Director Ray Hepper thanked members for their comments and said the board had an “incredibly important and challenging discretion” to determine whether the projects should be competitive or directly assigned.

“For me, this creates a real challenge. What criteria should I use to guide my vote?” Hepper said. “On one hand, I can simply say all these projects are needed within three years and therefore, they meet the terms of the tariff. On the other hand, I can argue that FERC has concluded that competition is good and therefore all these projects should go out for bids. These are the relatively more straightforward bookends of the discussion.”

Board Chair John Cupparo advocated the directors consider establishing clear mechanisms to avoid a similar situation in the future. He said should the board agree, it will engage staff and stakeholders to gather necessary input before the 2025 ITP is released in October.

“It’s my understanding that the board has full discretion over how to treat the short-term reliability project list, and it’s our role to determine how we want to treat it each time it comes before us,” Cupparo said. “In my opinion, we are obligated to evaluate and understand all reasonable options and the benefits and impacts on the entire SPP footprint and its 18 million residents.”

The Members Committee’s advisory vote rejected the motion to designate the 765-kV project as a competitive project, 7-11, with three abstentions. It approved the designation for all eight STRPs, 14-6, with one abstention. The board sided with both votes.

The STRPs were culled from the 89 potential projects in the 2024 ITP. The board in December approved 12 of those as winter-weather projects, with 11 staged on or before Dec. 1, 2025, to resolve the remaining winter reliability needs.

The eight STRPs are:

    • Holcomb-Sidney (Kansas), new 345-kV line, 135 miles.
    • Delaware-Monett (Oklahoma and Missouri), new 345-kV line, 114.5 miles.
    • Monett-North Branson (Missouri), new 345-kV line, 47.2 miles.
    • Phantom-Crossroads-Potter (New Mexico, Texas), new 765-kV line, 293 miles.
    • Iron House-Texaco (New Mexico), new 115-kV line, 2.3 miles.
    • Grapevine-Kingsmill (Texas), new 115-kV line, 10.7 miles.
    • Moore County-XIT (Texas), new 230-kV line, 46.2 miles.
    • Buffalo Flats-Delaware, new 345-kV line, 154.6 miles.

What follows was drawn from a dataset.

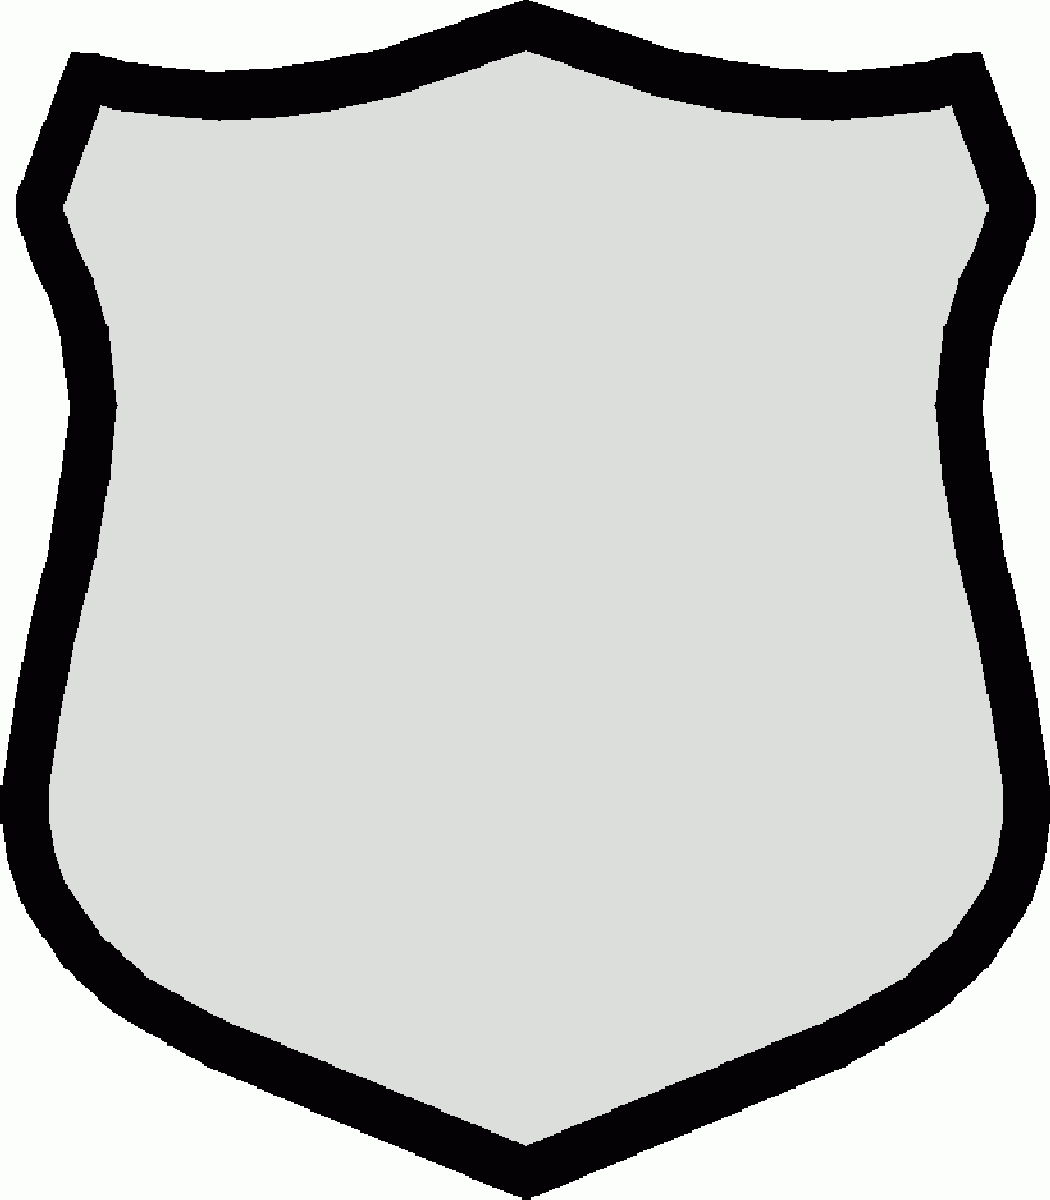 Shield Template Clipart | Free Download Best Shield Template Regarding Blank Shield Template Printable

Three of the projects — Phantom-Crossroads-Potter, Grapevine-Kingsmill and Moore County-XIT — have been assigned to SPS, which is facing unprecedented demand from new manufacturing, oil and gas growth, and its communities.

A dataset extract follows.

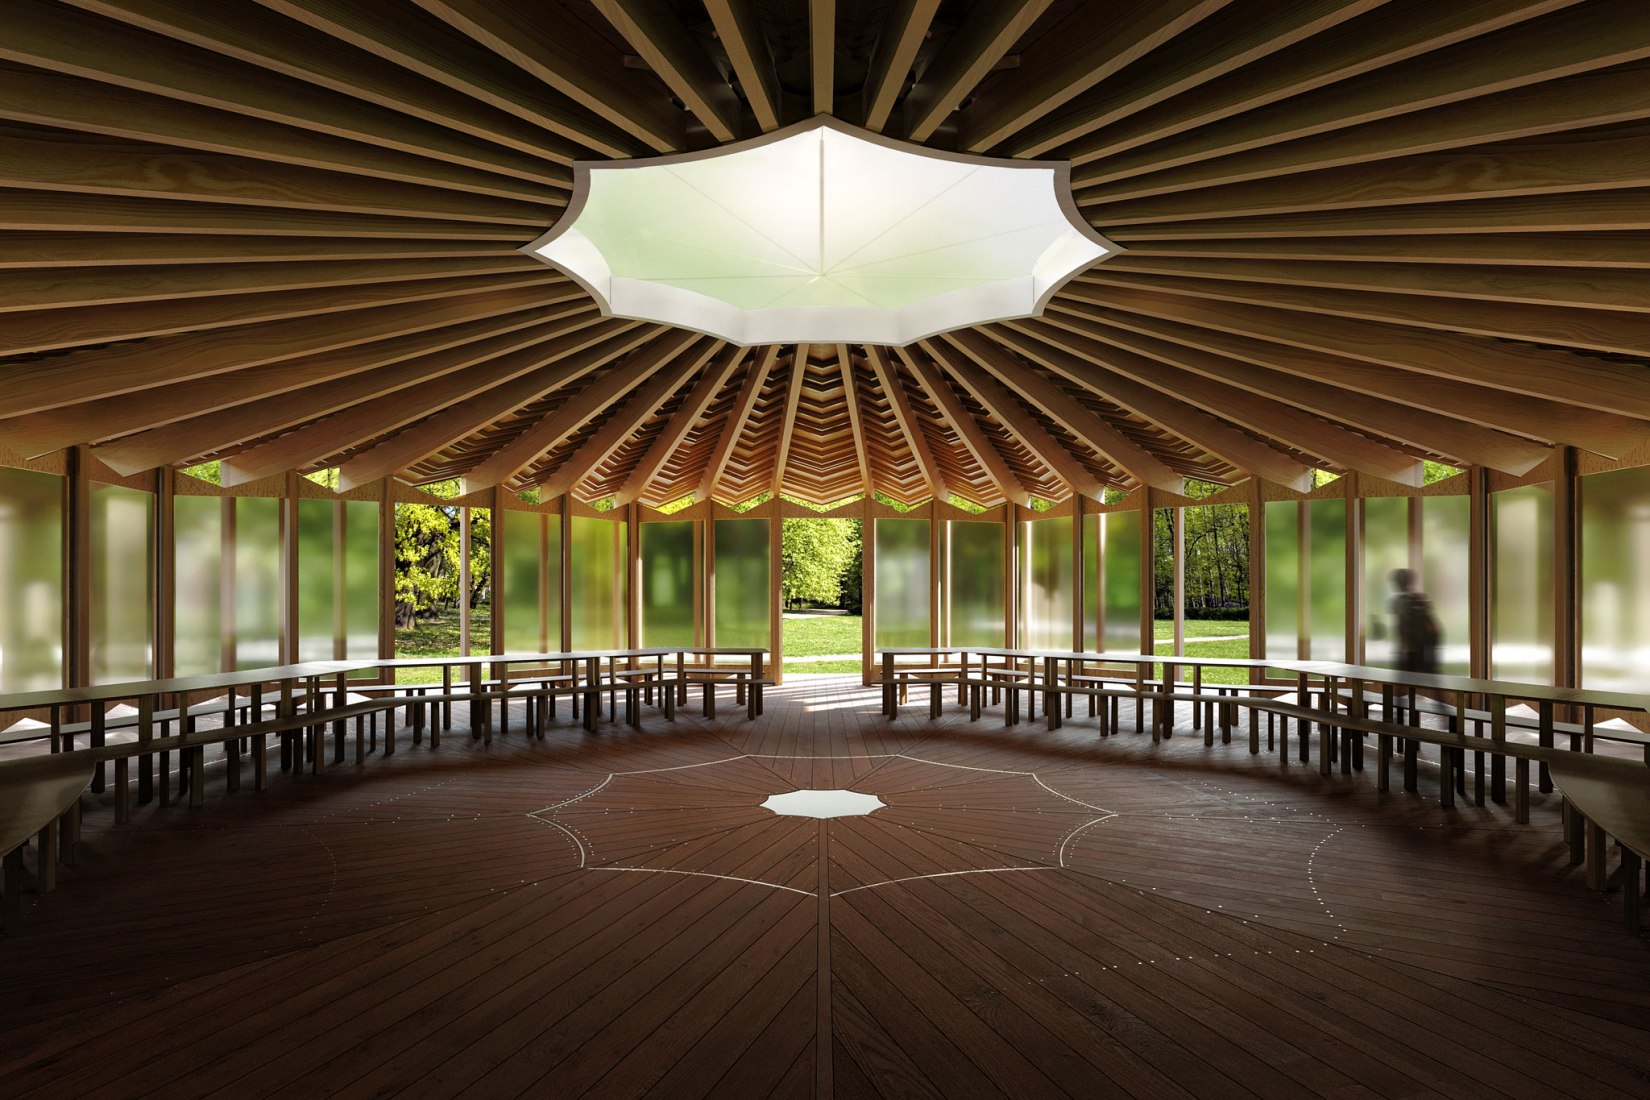 Interior view. Serpentine Pavilion 2023 designed by Lina Ghotmeh. Rendering by Lina Ghotmeh. Image courtesy by Serpentine

Xcel Energy, the parent company of SPS, said all three lines are “crucial” for maintaining a reliable electricity supply. It said the Phantom-Crossroads-Potter line is “especially important” in supporting load growth.

“I understand the concern about one project being a significant cost in the portfolio. The alternative could have been multiple other lines in which this discussion may not be revolving around a single project, but it could have been multiple other projects,” SPS’ Jarred Cooley said during the board discussion. “SPS has a very strong track record of building projects on time and under budget. The last eight 345-kV projects in our footprint have done that, and we definitely would be ready, willing and able to build this line as soon as given the go-ahead.”

The eight projects completed over the past seven years added 318 miles to a high-voltage transmission network that now exceeds 8,000 miles.

Adrian Rodriguez, president of SPS, said in a statement Feb. 5 to RTO Insider that the utility is “honored to be entrusted with these critical projects.”